__Work required__. Only an exact copy of the lines from the one containing "Szampon do włosów" through the last line of the material below belongs in the answer, with no pictures.

__Raw data__.
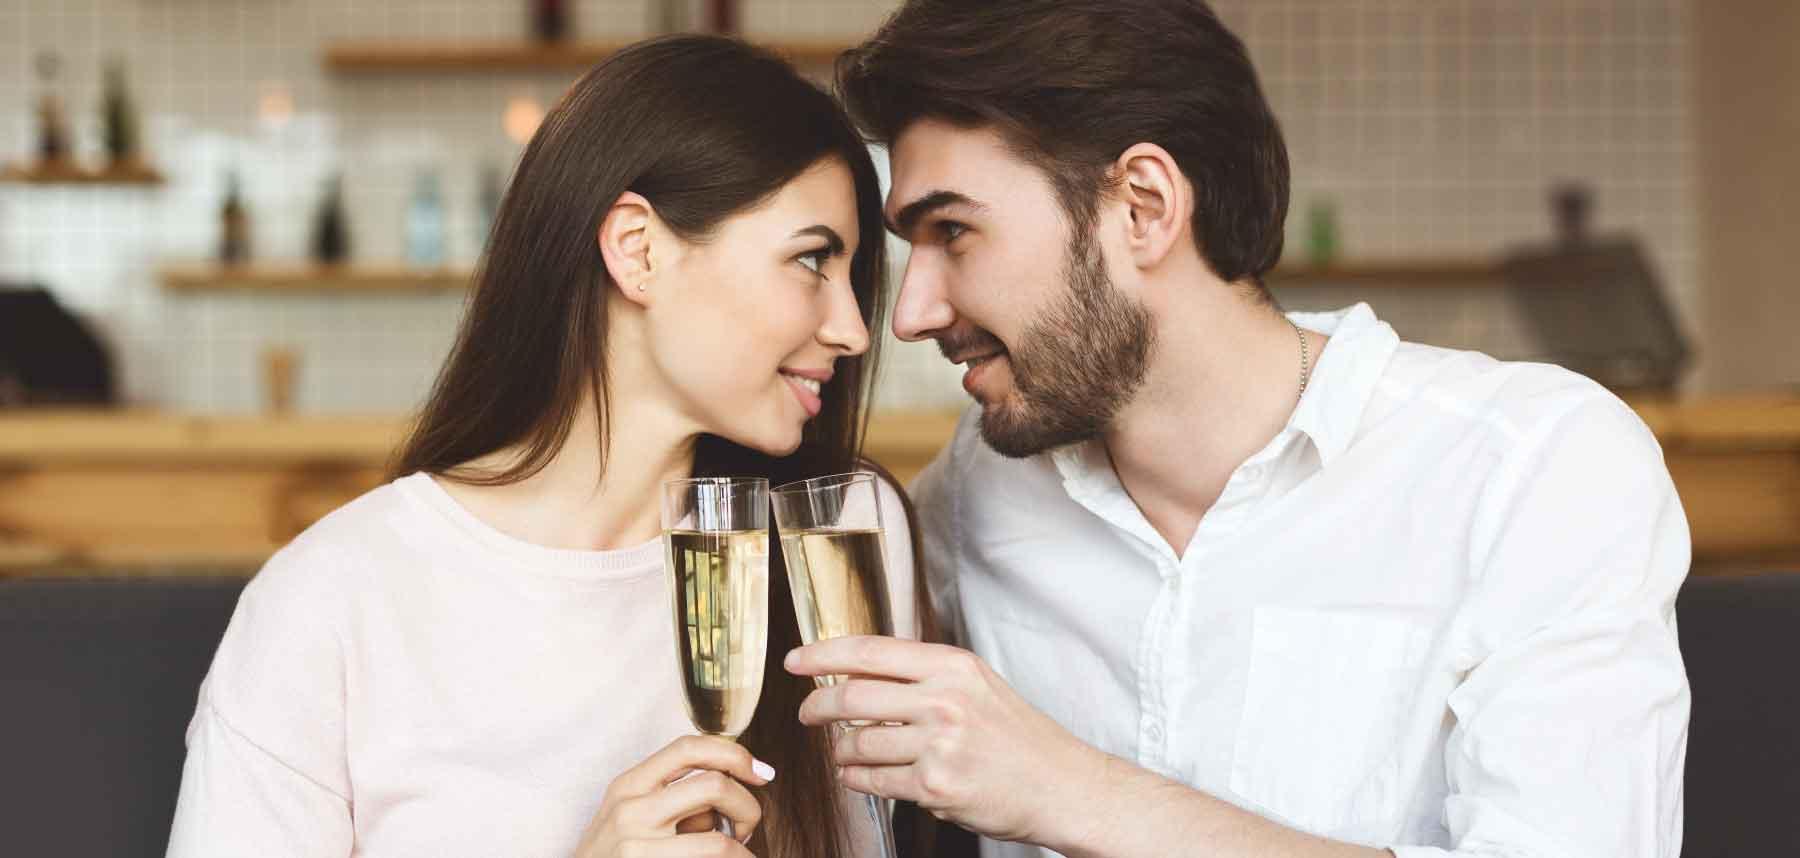 AMORE E SCIENZA Simona Muscari specializzata in MatchMaking tra coppie di alto livello Luxury Italy
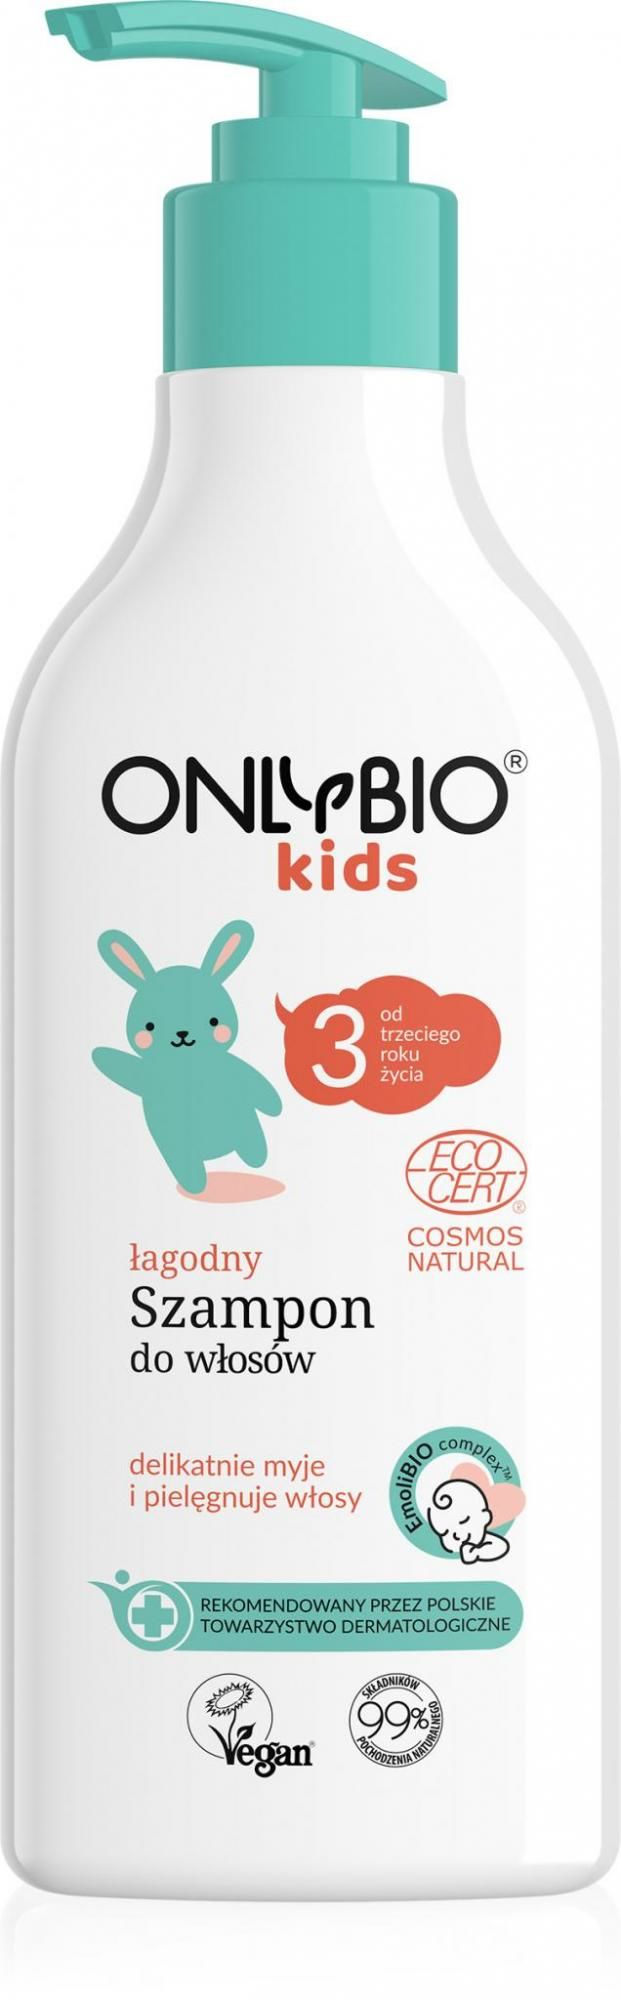 Szampon do włosów dla dzieci od 3 roku życia eco 300 ml - only bio (baby)
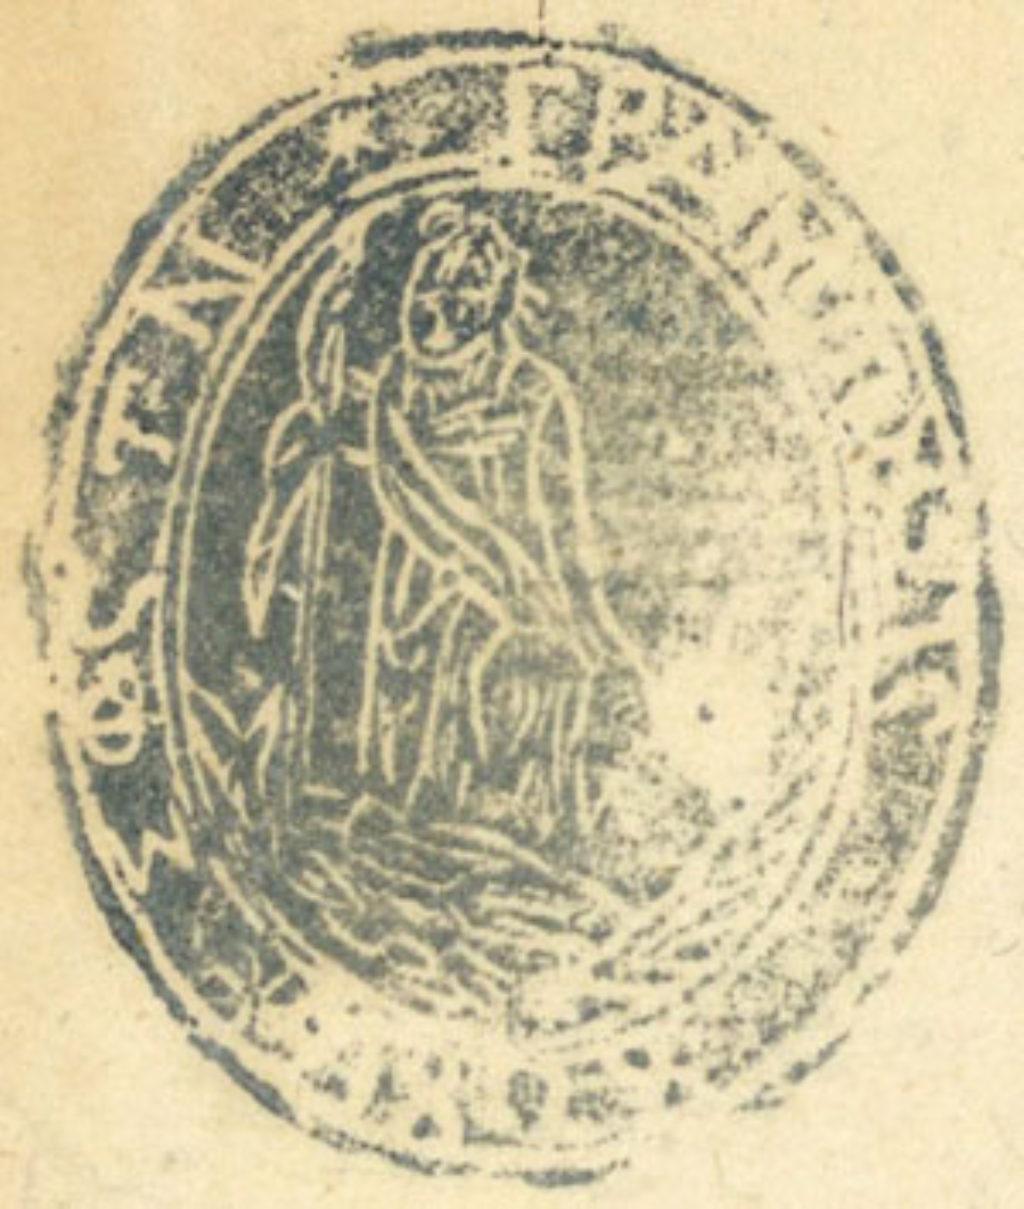 Η σφραγίδα της Επιτροπής Γραμβούσας, ©Αρχείο Ιστορικών Εγγραφών ΙΕΕΕ - Εθνικό Ιστορικό Μουσείο, Αθήνα
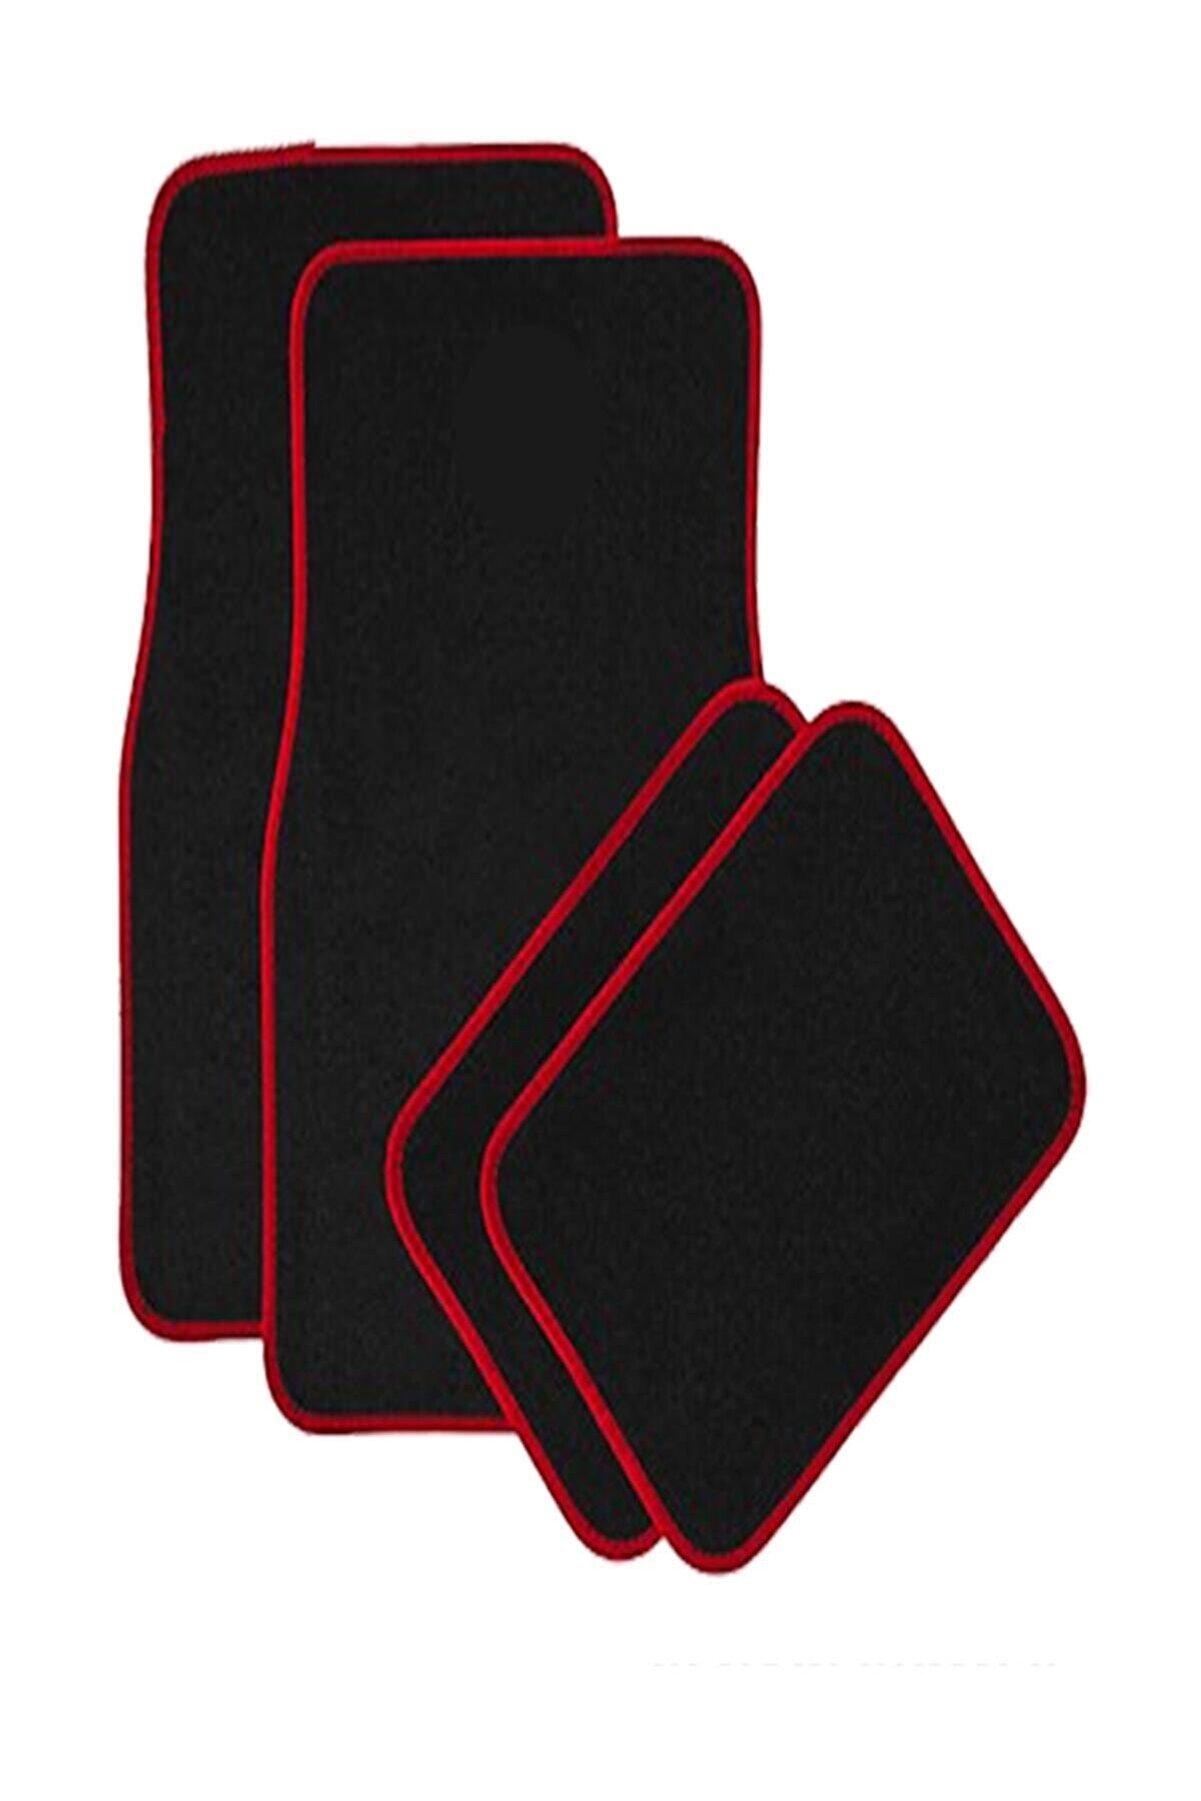 ModaCar 4 Parça Kaymaz Siyah Kırmızı Kenar Araba Halı Paspas

__Reply__.
 Szampon do włosów dla dzieci od 3 roku życia eco 300 ml - only bio (baby)
 Η σφραγίδα της Επιτροπής Γραμβούσας, ©Αρχείο Ιστορικών Εγγραφών ΙΕΕΕ - Εθνικό Ιστορικό Μουσείο, Αθήνα
 ModaCar 4 Parça Kaymaz Siyah Kırmızı Kenar Araba Halı Paspas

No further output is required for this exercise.